As of the 2020s, cursive singing remains common in popular music, as well as among amateur singers.

==History==
The style being described as "cursive" originated on Twitter in 2009, when user @TRACKDROPPA tweeted, "Voice so smooth its [sic] like I'm singing in cursive". It is also referred to as "indie singing" (or similar variations, such as "indie-pop voice") for its common use in indie music.

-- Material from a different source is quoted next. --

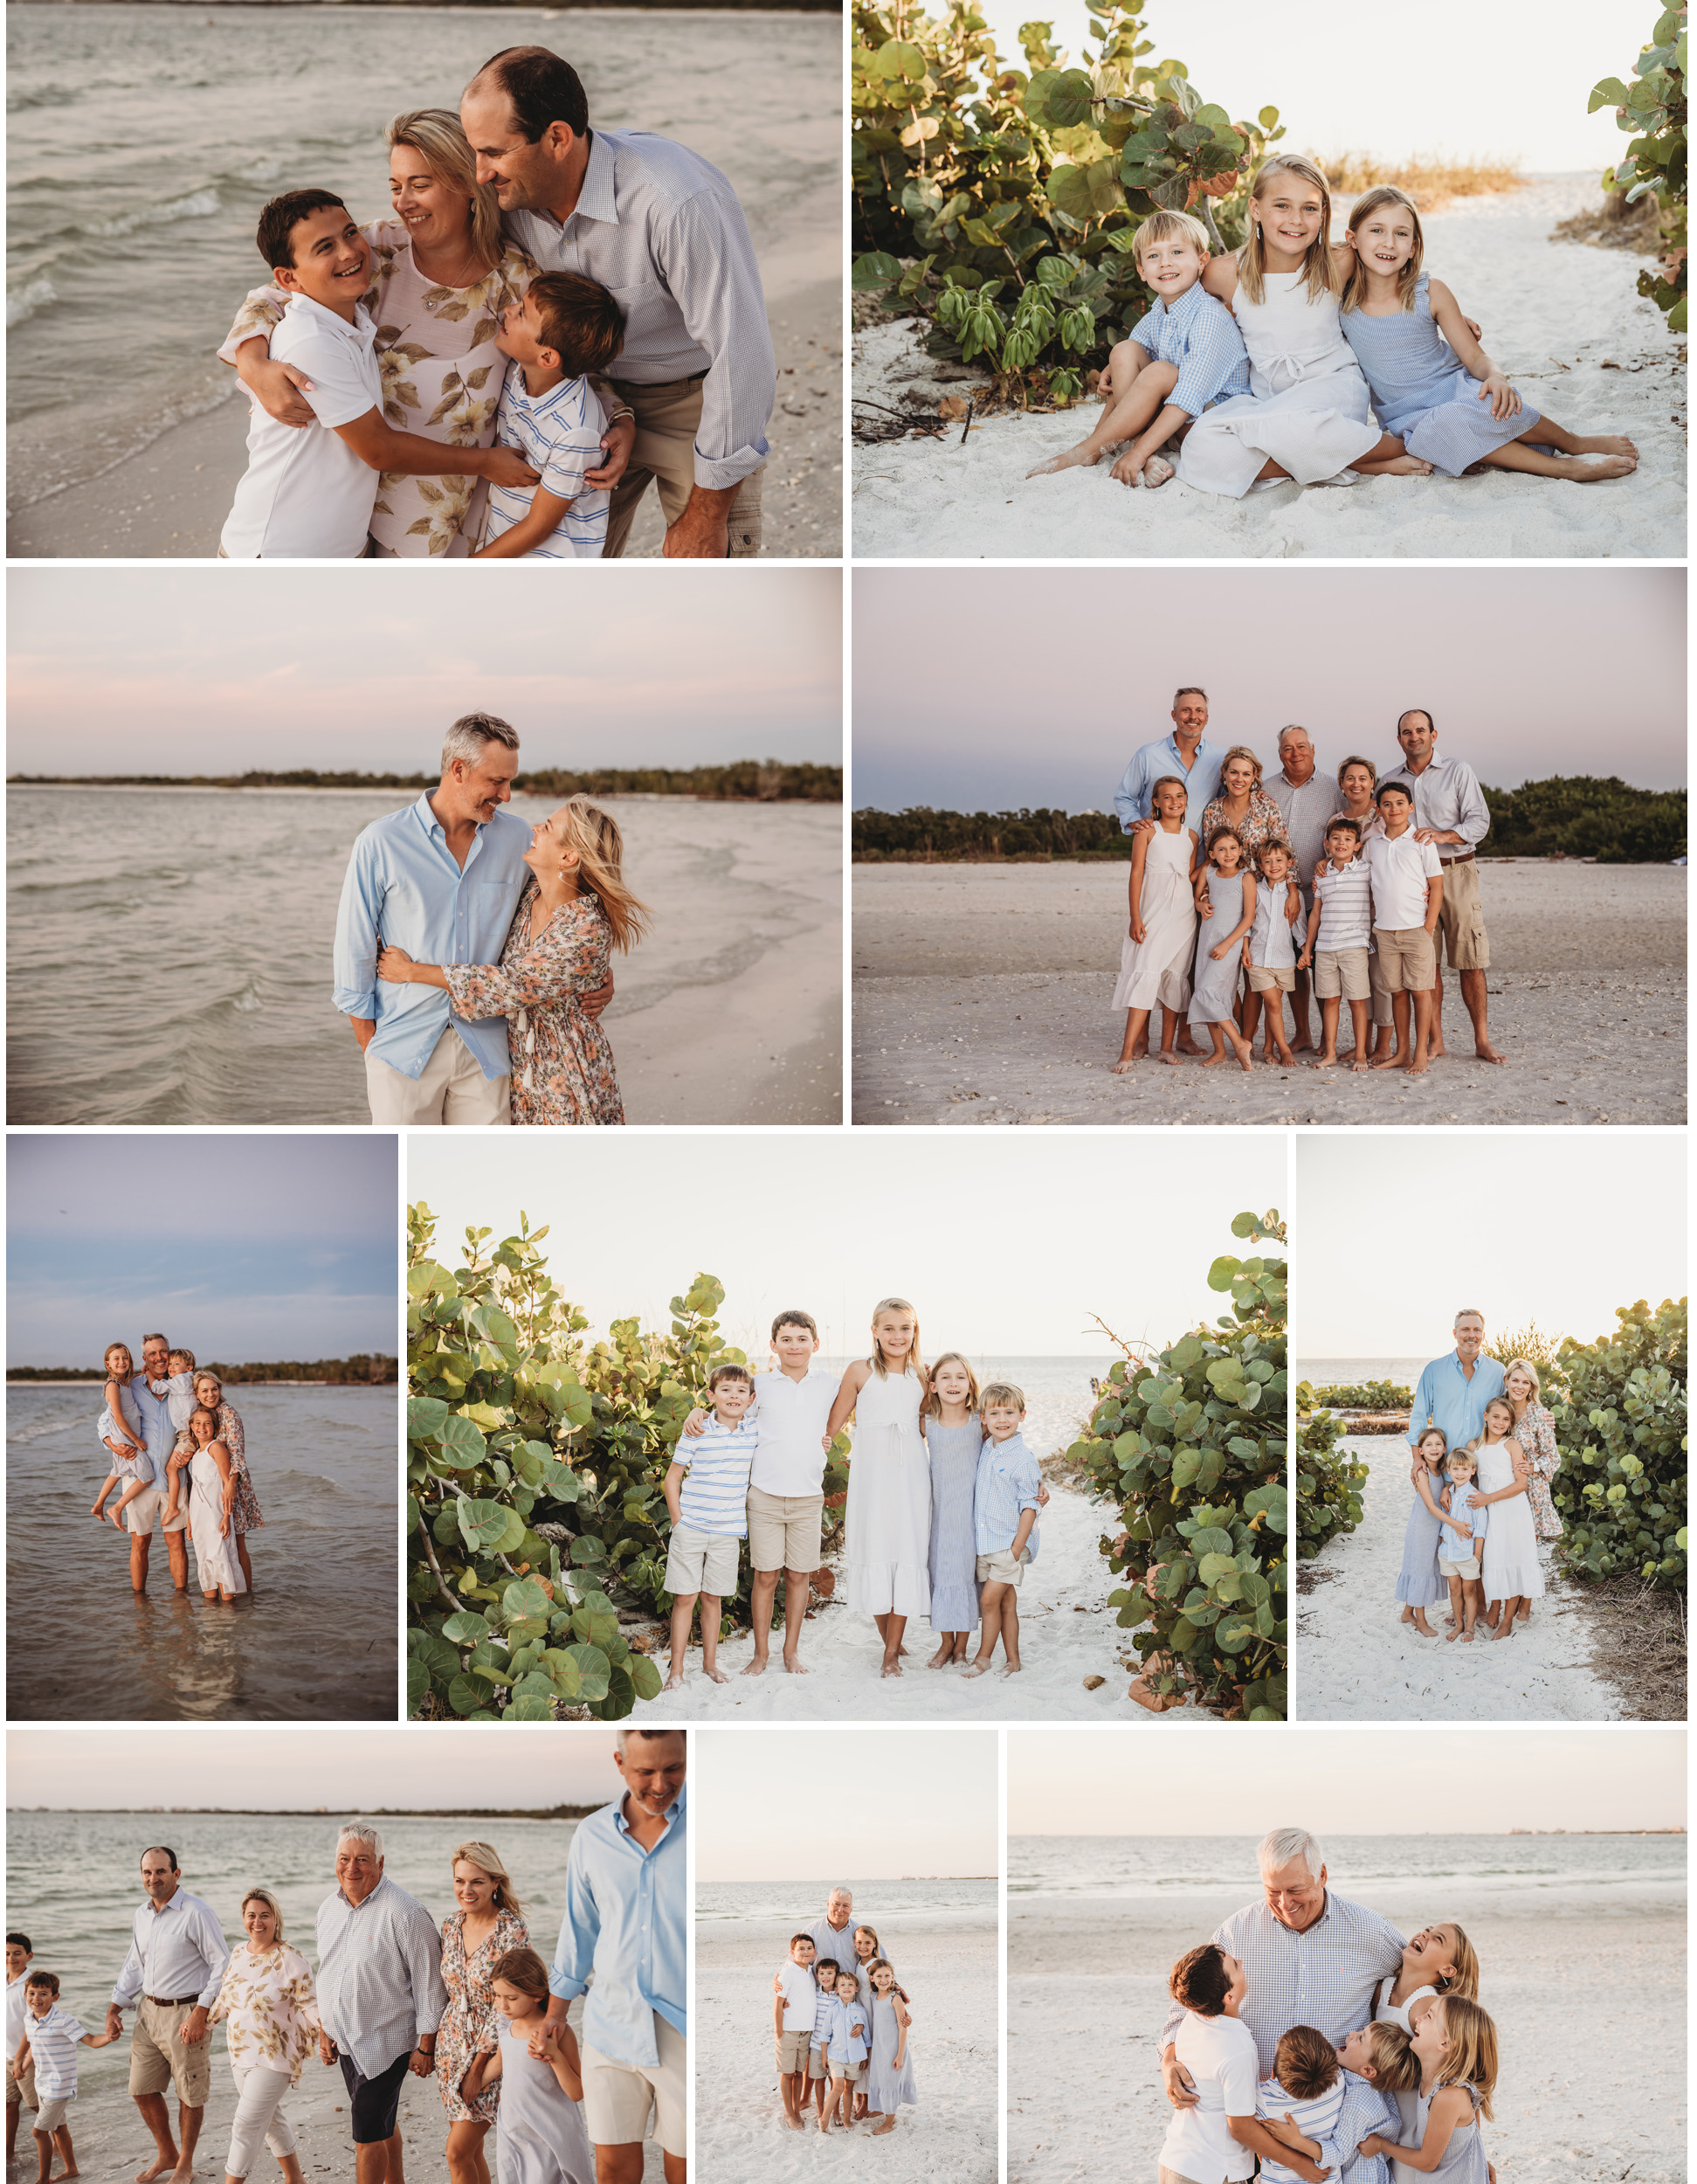 A large family gathers on the beach in Bonita Springs for a sunset photo shoot. The grandkids and sisters join their dad for pictures.

Cursive singing has foundations in gospel, jazz, R&B, and soul music, in which syllables are often added to words to better fit rhythms. Its current form was developed by Macy Gray, Corinne Bailey Rae, and Amy Winehouse and was further popularized by singers such as Adele and Lorde in the 2010s.

==Reception==
Although it remains popular, cursive singing is sometimes critiqued for its perceived overuse in songs such as "Dance Monkey" by Tones and I. It has also been parodied on social media.

Some linguistics researchers and music professors have defended cursive singing as innovative and based in historic styles. Bryan Gick argues that the critique is partly rooted in misogyny: "There's a sense that this is not the proper way to speak because these people [women] are not serious members of society, and this represents some kind of degradation of the standards of language". He also noted its growing use by male singers such as Shawn Mendes.